Saturday, September 28, 2019

Memorable Computer Generated Keys

Computer systems often publish information for humans to read: invoices, sales dockets, memberships, subscriptions, travel bookings, etc. Items like these are expected to have some sort of unique 'key' associated with them, so for example, if you phone an airline to change a flight they will ask "what is your booking number?", then your correct reply allows immediate verification and you can proceed.

So what sort of 'key' should be used for documents that will be consumed by humans? Here are some choices I can think of:

Database Identity Key

Many relational databases (and others) can generate incrementing unique numbers like 0003145 as primary keys. This is good because numbers (of reasonable size) are simple for people to understand. It's bad for security though, because these numbers are predictable and Mallory can guess lots of numbers and try to hack or forge his way into private information.

'Jump' Numbers

Instead of predictably incrementing keys, how about ones that 'jump' with a random gap to the next one? This will produce numbers that are easy to read, and Mallory would have to try many keys to possibly find a valid one to attack. The size of the random jump has to be chosen as a tradeoff between the growth of the key and security through unpredictability.

Guids

Many databases generate a GUID (aka UUID) for each record. This is great for programmers who can be sure these unique keys will never clash with another one in the world. They are create-and-forget ids that are secure because they are sparsely distributed in 122-bit space and it's infeasible to guess them.

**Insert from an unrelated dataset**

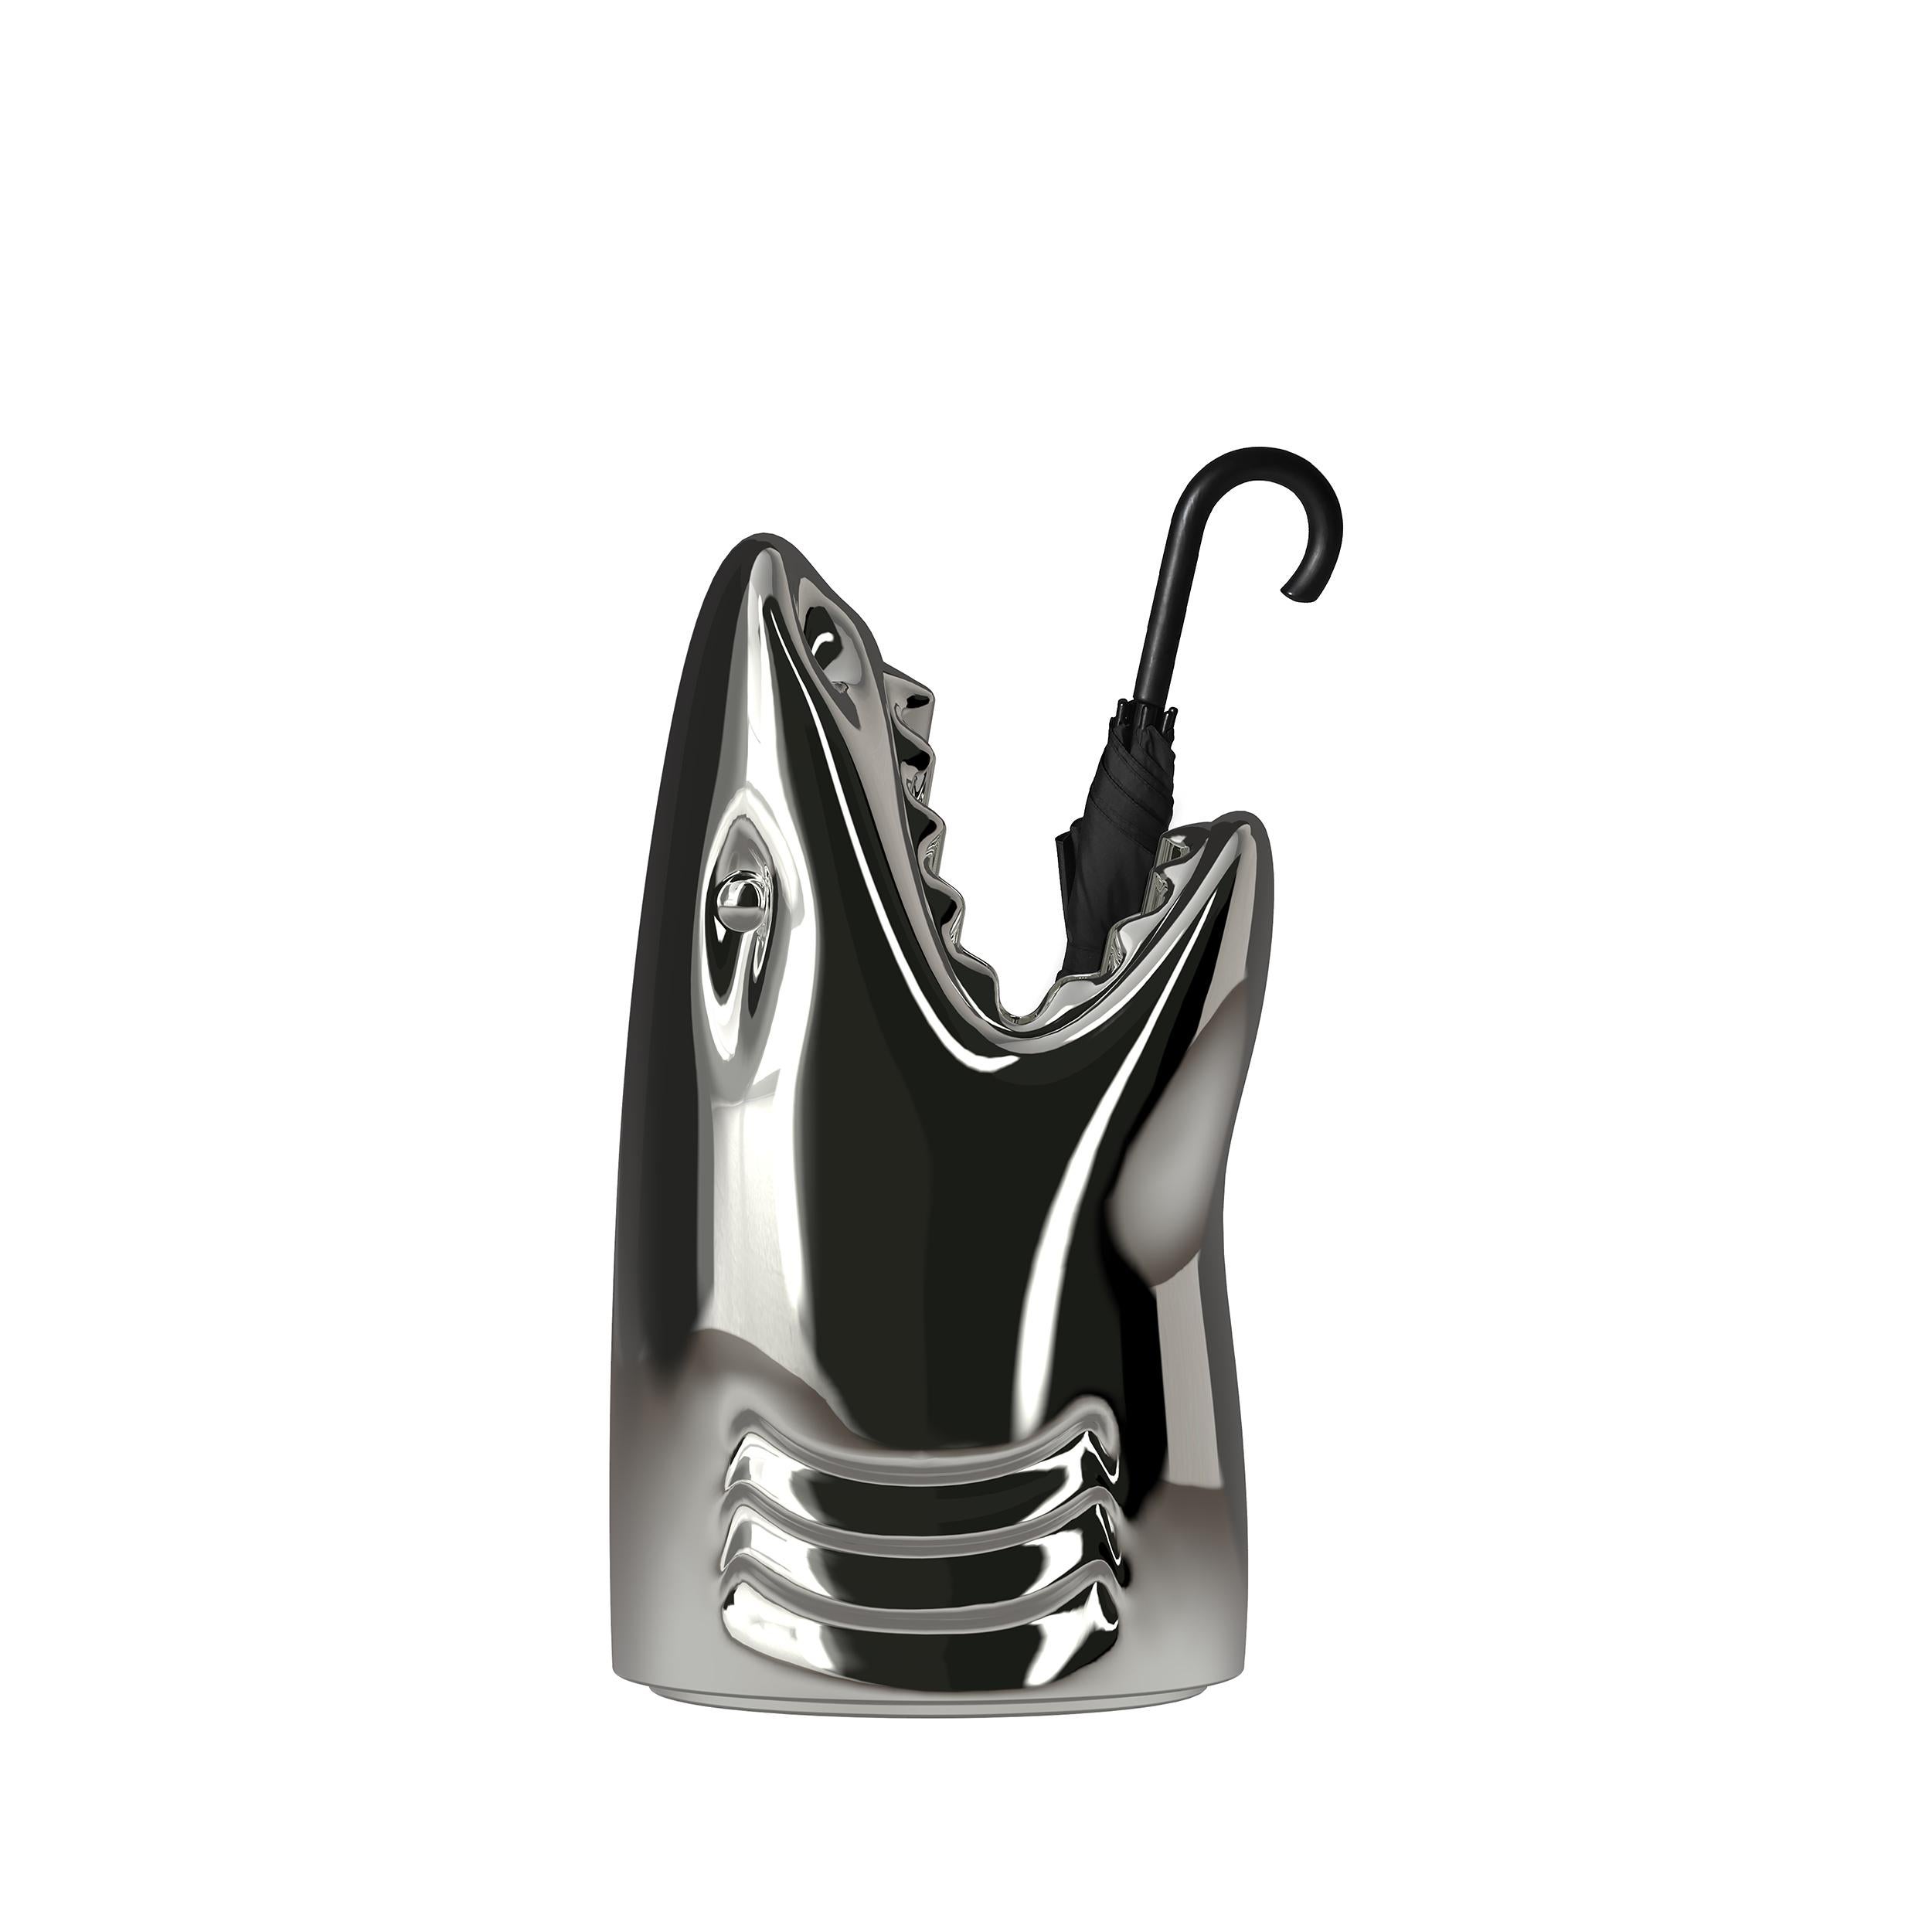 Im Angebot: Moderner moderner Schirmständer oder Champagner-Kühler aus Titan Silber oder Gold (Silver) 4

The bad news is that a value like 8f50806b-1f88-4cd7-9112-4512045df69b on an airline reservation will boggle the mortal mind.

You could publish just a part of it as a key, like the 8f50806b prefix for example. This is not a really friendly string for a person to read, but it may be acceptable (making it uppercase might help the eye). You just have to be sure that there's enough entropy in the substring to guarantee uniqueness and unpredictability, and with GUIDs this is probably the case for normal use. See Birthday Attack for more information.

Artificial Keys

Another technique I quite like is to create an artificial random key that looks friendly to the eye. A key like KLB977 looks like a Victorian car number plate, or 125-982-763 is easy to recognise and dictate. Just pick a consistent format that seems friendly, perhaps something that's familiar to your local culture or language.

You have to be sure that the probability of generating a duplicate artificial key is small enough. If the key is short then you would probably generate the key and do a quick database lookup check that it's not a duplicate before using it. In the previous examples there would be 17.5 million 'number plate' keys and 1 billion 9-digit keys.

Fake keys composed of numbers and letters need some extra care to ensure they are human-friendly. Some numbers and letters have similar shapes and should be avoided. When I make fake keys I compose them out of the following character pool (notice some are missing):

123456789ABCDEFGHJKLMNPQRSTUVWXYZ

If you're extra conservative you may consider the characters JUVW a bit troublesome as well and remove them. Different fonts may affect your choice of 'bad' characters. With the reduced character set, the number of 'number plate' keys reduces to 10 million and the 9-digit ones reduce to about 0.4 billion, but this might be quite acceptable for moderate usage scenarios.

Addendum: Check Digits

In cases where generated keys are under your control, as in the cases of the 'Jump' Numbers and Artificial keys discussed above, you may consider using a check digit scheme to allow basic error detection for your keys.

The Wikipedia article lists many schemes, and there many other specialised ones like ISO 6346 which is used to identify shipping containers. You might even like to make up your own, perhaps checking that each numeric key is within ±3 of a prime number (I made that up). The Verhoeff check digit algorithm is technically very interesting and effective.